Expedia is hoping for the transaction to be finalized by early 2016 in a deal that would see the travel giant acquire the Airbnb competitor for $3.9 billion. Following Expedia’s recent additions of Travelocity and Orbitz, the move suggests that the travel conglomerate is aiming to cement its status as top dog in the mobile booking sector, which grows incrementally each day.
“The HomeAway acquisition is strategic and will strengthen Expedia’s mobile position in the vacation rental market in a number of ways,” said Thom Jordan, CEO of Ping Mobile, New York. “First, it provides Expedia with a greater foothold in the vacation-rental market via the HomeAway digital and mobile assets.

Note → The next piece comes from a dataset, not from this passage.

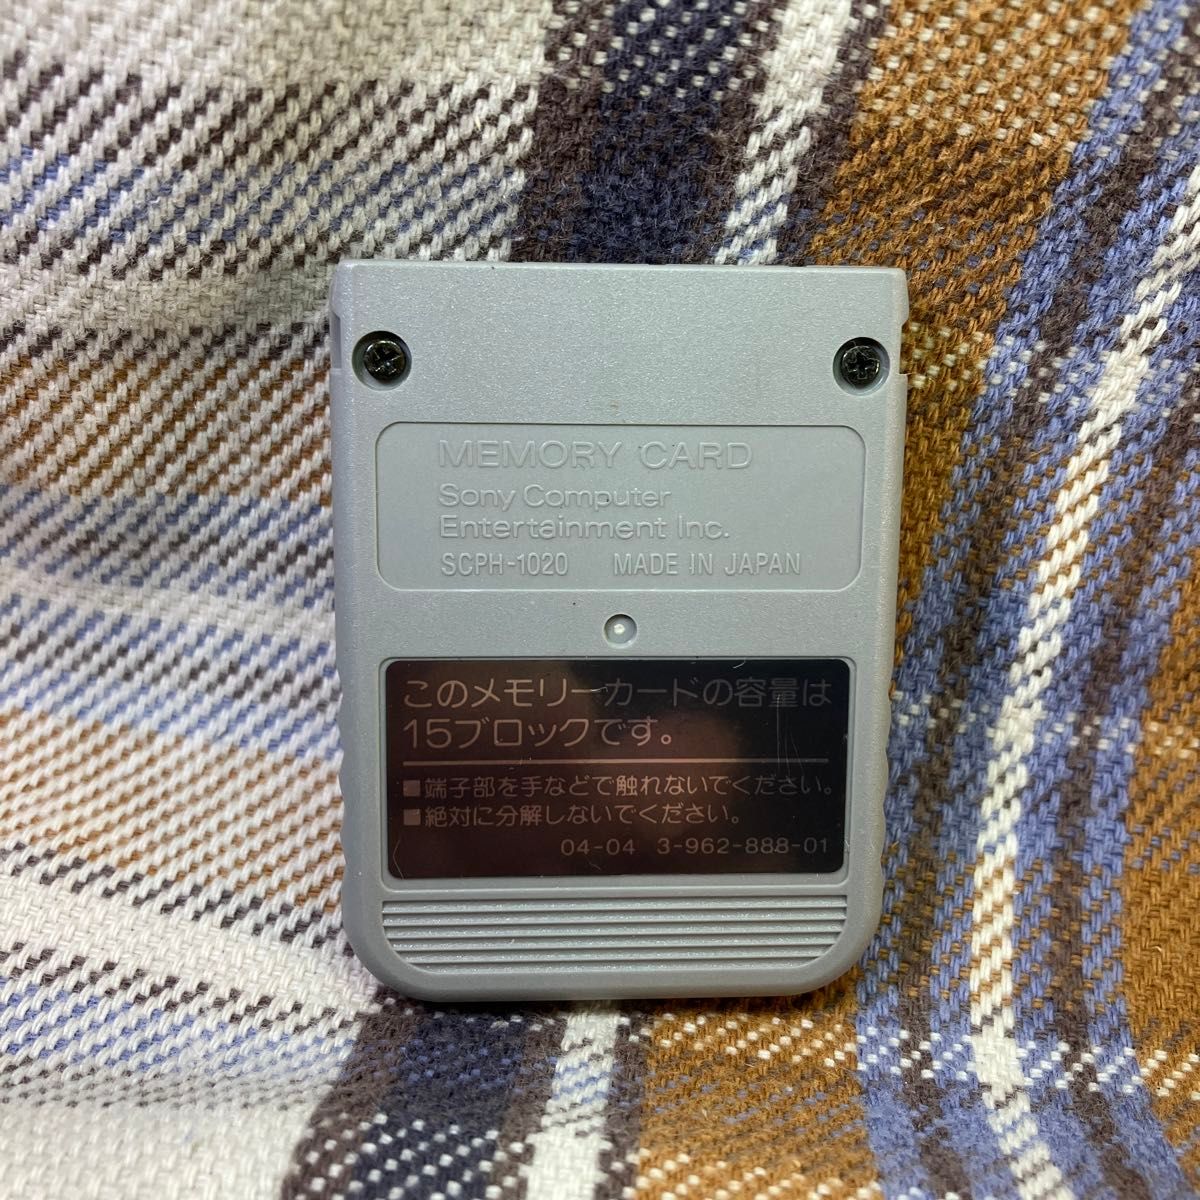 p110 PS1メモリーカード15ブロック 1個 ソニー純正 動作確認初期化済 プレイステーション SONY

“Currently, Expedia can only showcase a portion of HomeAway’s properties; the acquisition would allow it access and control to the complete 1.2 million HomeWay listings and enable it to share technology, resources and expertise to increase the listing inventory,” he said. “Second, this would allow Expedia to compete more effectively with the home-sharing startup Airbnb, which has two million listings.
“Third, this acquisition also blocks its main competitor, Priceline, from increasing its mobile presence in the vacation property listing market. Without HomeAway, Priceline is at a severe disadvantage against Expedia and Airbnb in the vacation property market. Until the acquisition of HomeAway by Expedia is complete, I would not be surprised if Priceline makes a counter-offer in an attempt to outbid Expedia.”
Accumulating digital assets
Expedia is likely hoping to compete directly with Airbnb, especially when targeting on-the-go mobile users. The increasing amounts of consumers booking flights, accommodations and activities via their smartphones means online travel agents have a lucrative and massive sector to reach.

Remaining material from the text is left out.